I Take This Magic Pill To Restore My Brain's Mitochondria

Dave Asprey opens by recounting his personal discovery of modafinil in the late 1990s while struggling academically at Wharton Business School. After brain scans revealed cognitive damage from mold toxins, his psychiatrist suggested trying modafinil off-label. Asprey describes his first experience as transformative — colors became more vivid, and his thinking accelerated dramatically. He credits modafinil as a meaningful contributor to his ability to graduate from Wharton, build companies generating hundreds of millions in revenue, and author multiple bestselling books.

Asprey traces modafinil's origins to French scientists at Lafon Laboratories in the late 1970s, who discovered it while researching narcolepsy treatments. It gained widespread attention during the Gulf War when U.S. Air Force pilots used it for sustained alertness on long combat missions. The FDA approved it in 1998, and it subsequently spread to Silicon Valley executives, hedge fund managers, poker champions, and heads of state.

On the neuroscience side, Asprey explains that modafinil is classified as a eugeroic — a wakefulness-promoting agent — rather than a stimulant. It works primarily by activating orexin (hypocretin) neurons in the hypothalamus, stabilizing wakefulness without flooding the brain with dopamine the way Adderall or cocaine do. It also mildly raises dopamine, histamine, and norepinephrine, and optimizes the glutamate/GABA balance for calm, clear-headed focus. Asprey emphasizes its 12-15 hour half-life and low addiction potential, contrasting it favorably with caffeine, Adderall, and Ritalin.

Asprey details several cognitive and physiological benefits backed by studies: enhanced prefrontal cortex activity improving memory and fast thinking (2003 study), sustained alertness without stimulant crash (2015 study), improved task-switching under stress (2004 study), and reduced impulsivity. He also highlights lesser-known benefits including direct enhancement of mitochondrial ATP production in neurons (2012 study), anti-inflammatory effects on brain cells (2017 study), reduction of free radical damage, and potential stabilization of mitochondrial membrane potential — all of which he frames as longevity benefits.

On dosing, Asprey takes 100mg every morning, occasionally adding another 100mg at lunch for demanding days. He recommends starting at 50mg, avoiding afternoon doses to protect sleep, and pulsing usage by skipping weekends. He describes a stack that includes L-theanine, CDP choline, rhodiola rosea, lion's mane (properly extracted), NAD+ precursors, and methylene blue. He also recommends pairing modafinil use with cold exposure, fasted states, red/infrared light therapy, and distraction-free work environments.

Asprey addresses sourcing, noting it is a Schedule IV prescription drug in the U.S., commonly prescribed for narcolepsy, shift work disorder, and sleep apnea, and often prescribed off-label for ADHD. He describes legal pathways including international pharmacies and mentions that in countries like Mexico and India it is available over the counter. He advises against adrafinil (the prodrug precursor) due to liver stress.

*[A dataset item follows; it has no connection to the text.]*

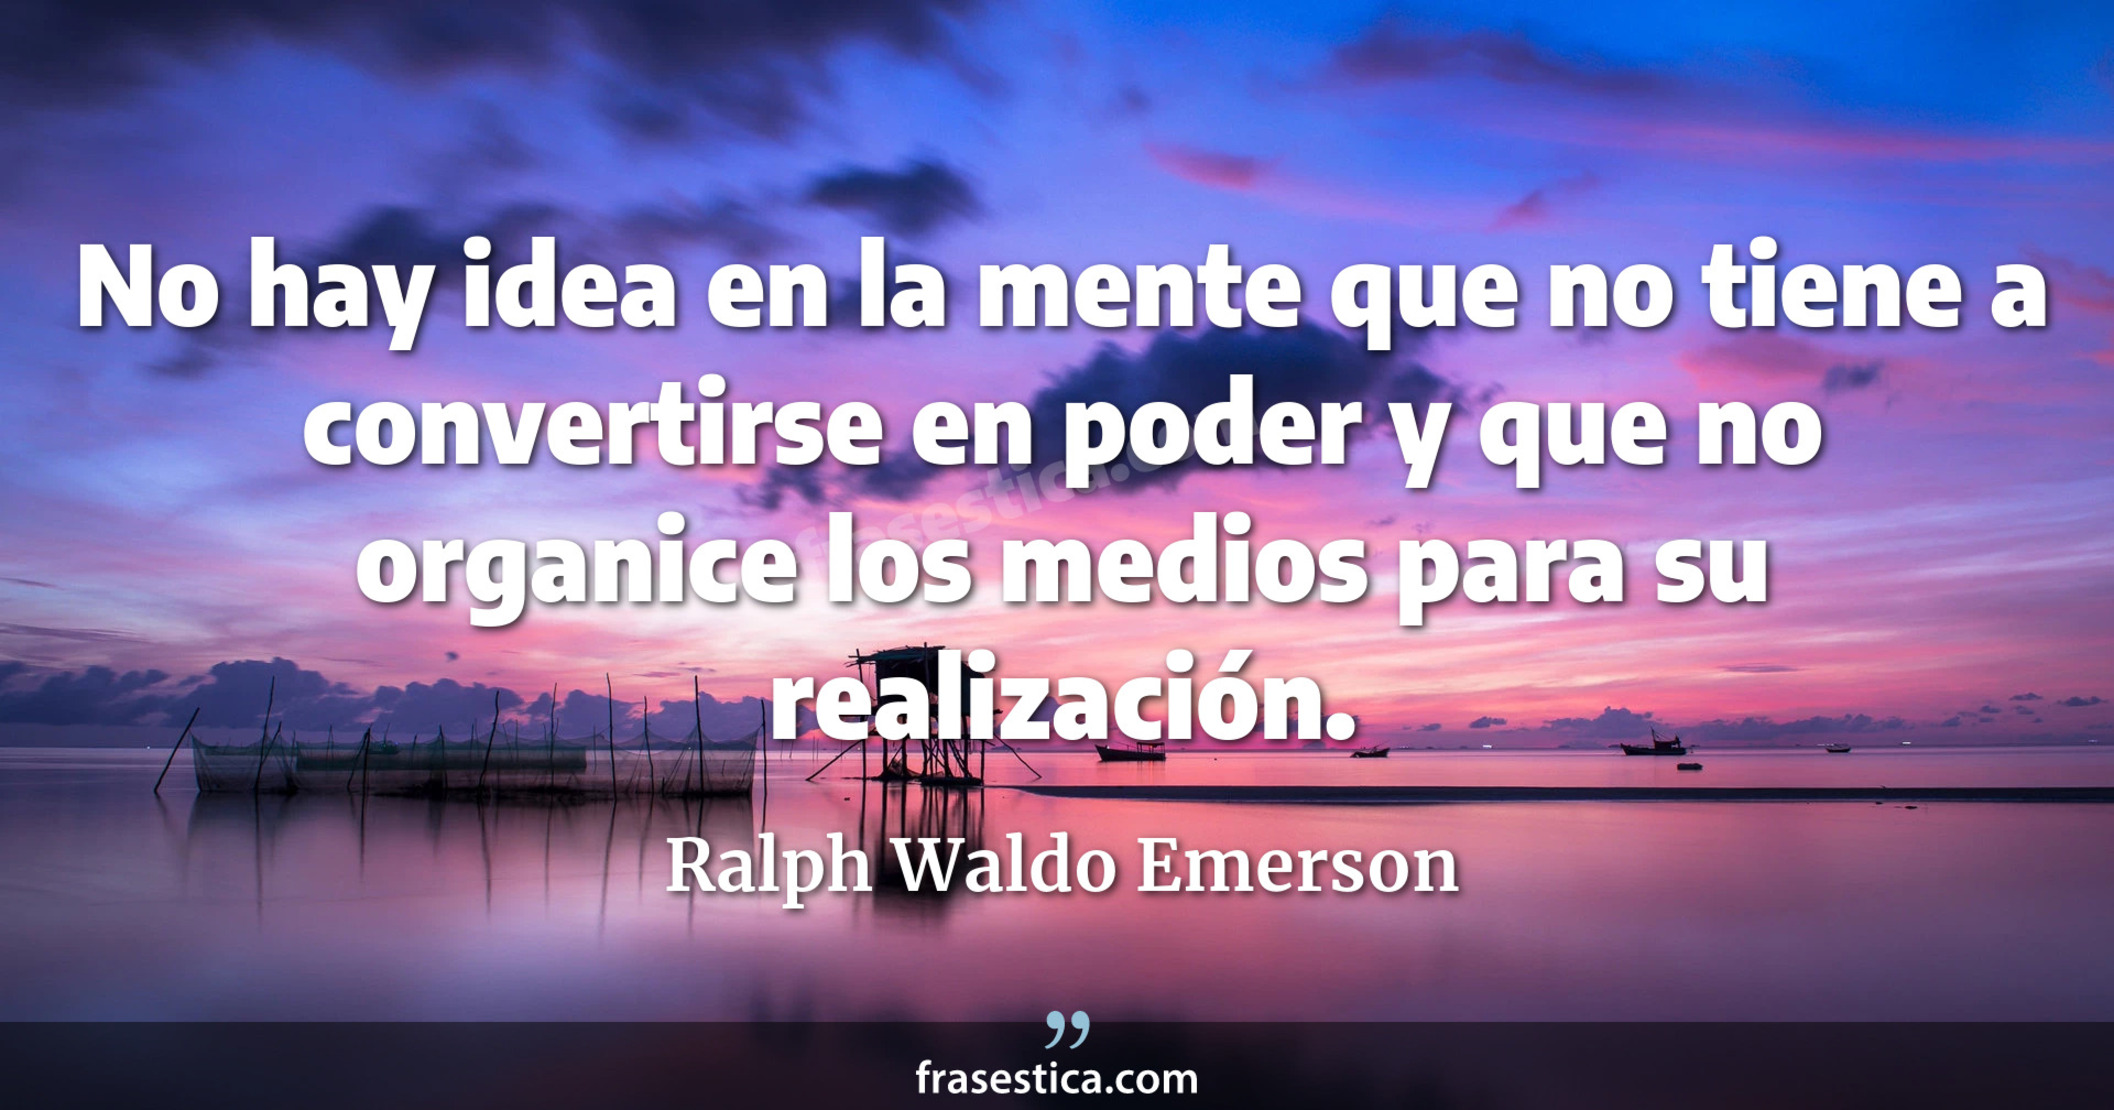 No hay idea en la mente que no tiene a convertirse en poder y que no organice los medios para su realización. - Ralph Waldo Emerson

On risks, Asprey acknowledges that roughly 20% of people experience no effect, and that rare but serious Stevens-Johnson syndrome — an autoimmune skin reaction — occurs in approximately 5 per million people, the same rate as ibuprofen. He warns against use in people with heart arrhythmia, severe anxiety, or history of mania, and cautions against using it as a chronic substitute for sleep.

Asprey closes by discussing emerging research: trials exploring modafinil for Alzheimer's and cognitive decline, long COVID and chronic fatigue syndrome, MS-related fatigue, appetite suppression, blood sugar regulation, and anti-inflammatory effects on cytokines like TNF-alpha and IL-6. He also previews future drug analogs, nasal sprays, skin patches, and combination therapy trials stacking modafinil with BDNF-promoting compounds and NAD+.